Manuel Bodirsky ; Johannes Greiner ; Jakub Rydval - Tractable Combinations of Temporal CSPs

lmcs:7013 - Logical Methods in Computer Science, May 25, 2022, Volume 18, Issue 2 - https://doi.org/10.46298/lmcs-18(2:11)2022
Tractable Combinations of Temporal CSPsArticle

Authors: Manuel Bodirsky ; Johannes Greiner ; Jakub Rydval

    The constraint satisfaction problem (CSP) of a first-order theory T is the computational problem of deciding whether a given conjunction of atomic formulas is satisfiable in some model of T. We study the computational complexity of CSP$(T_1 \cup T_2)$ where $T_1$ and $T_2$ are theories with disjoint finite relational signatures.
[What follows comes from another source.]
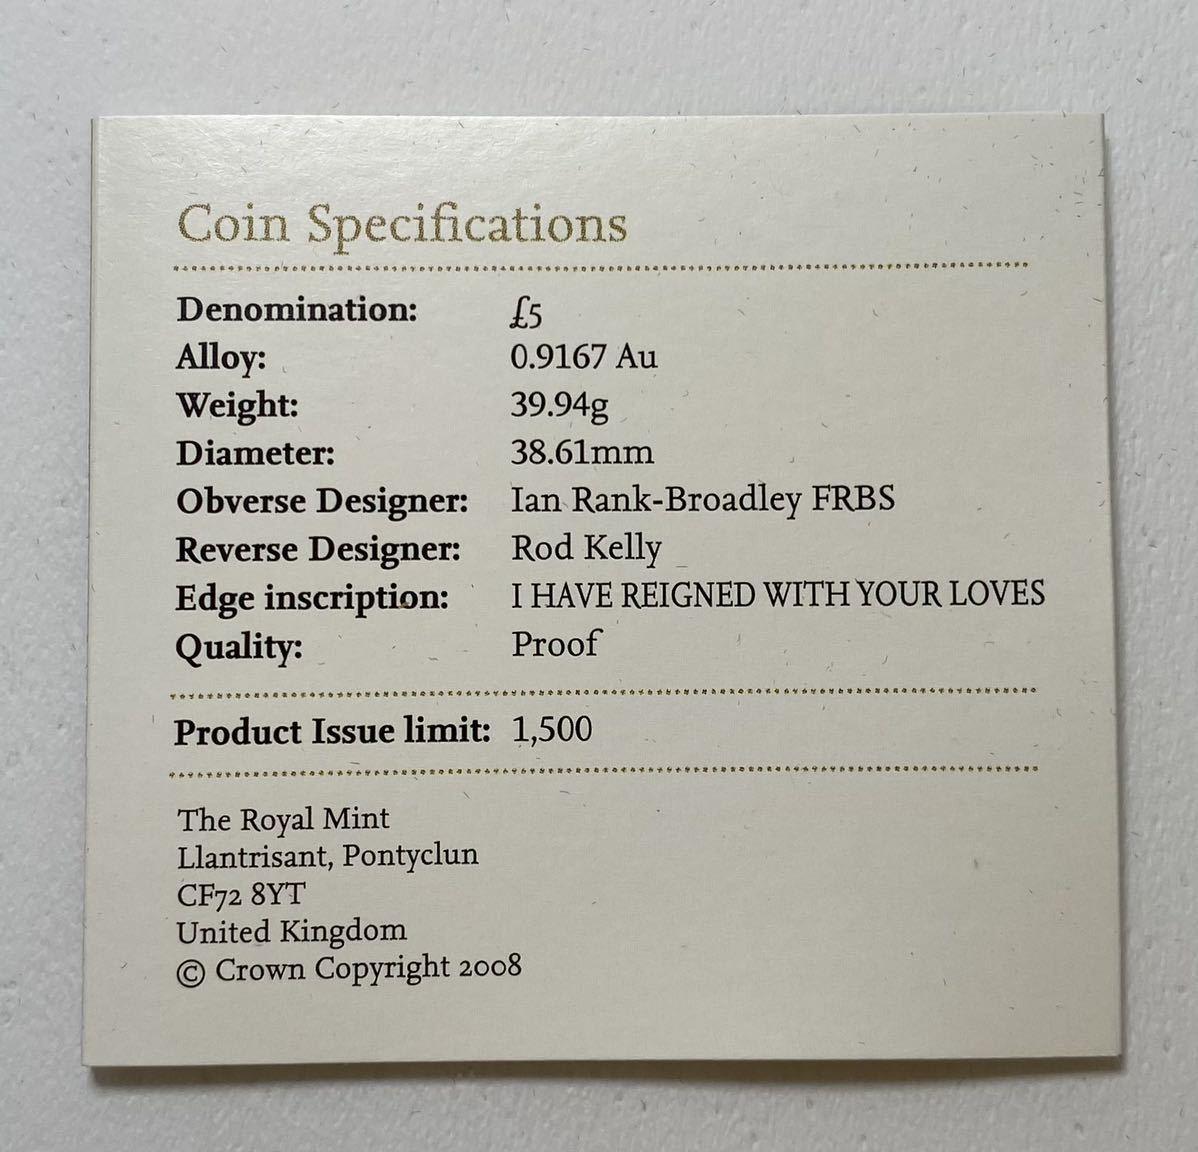 イギリス金貨 2008 5ポンド エリザベス1世 NGC PF70UC 発行枚数1500枚 NGC最高鑑定27枚_画像9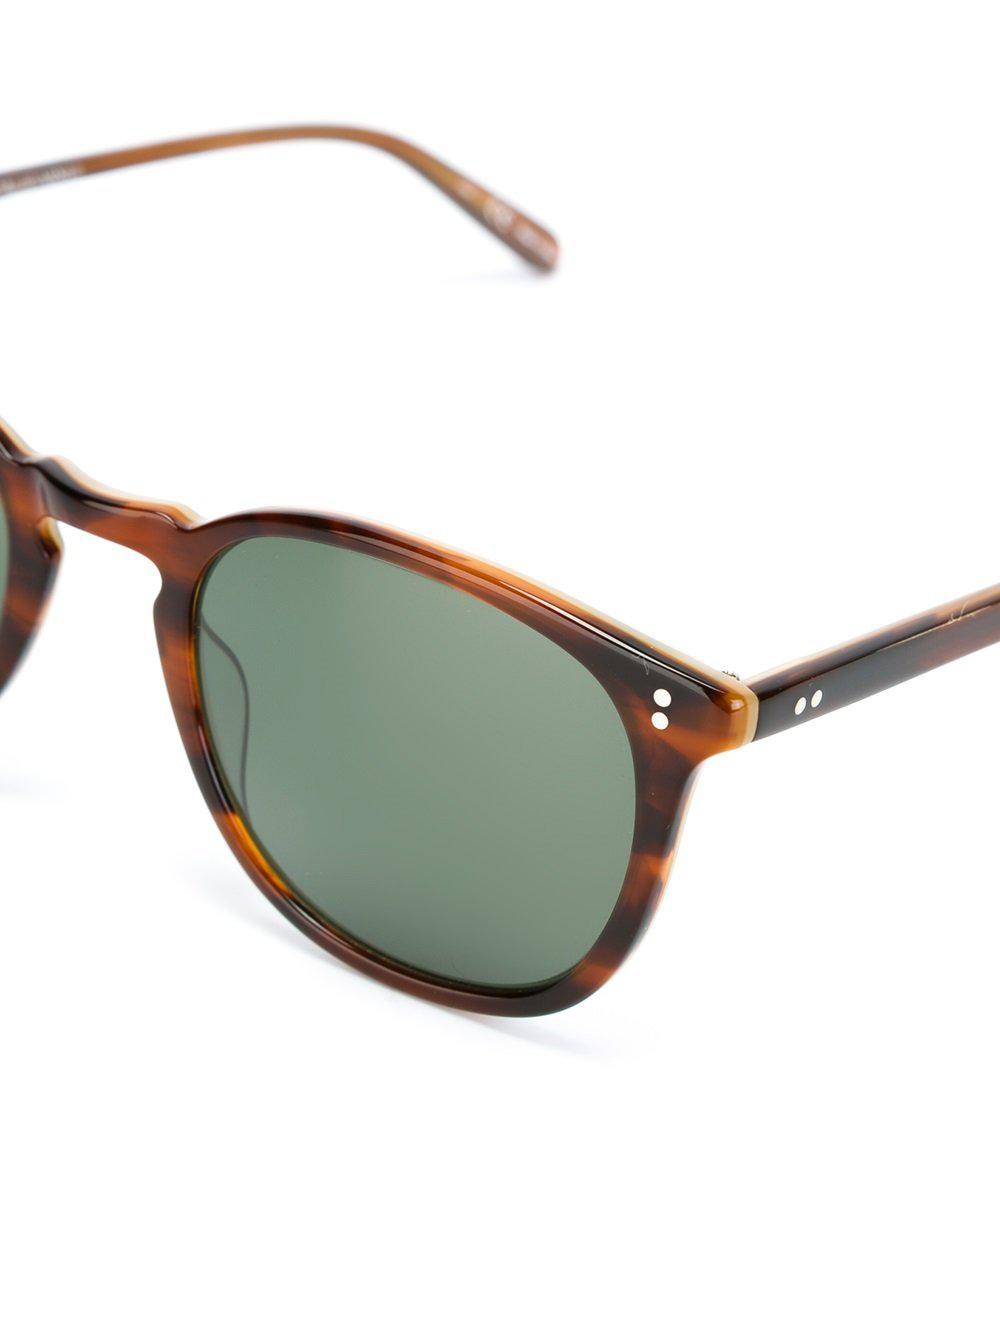 Garrett Leight 'kinney' Sunglasses in Brown

We prove that if $T_1$ and $T_2$ are the theories of temporal structures, i.e., structures where all relations have a first-order definition in $(Q;<)$, then CSP$(T_1 \cup T_2)$ is in P or NP-complete. To this end we prove a purely algebraic statement about the structure of the lattice of locally closed clones over the domain $Q$ that contain Aut$(Q;<)$.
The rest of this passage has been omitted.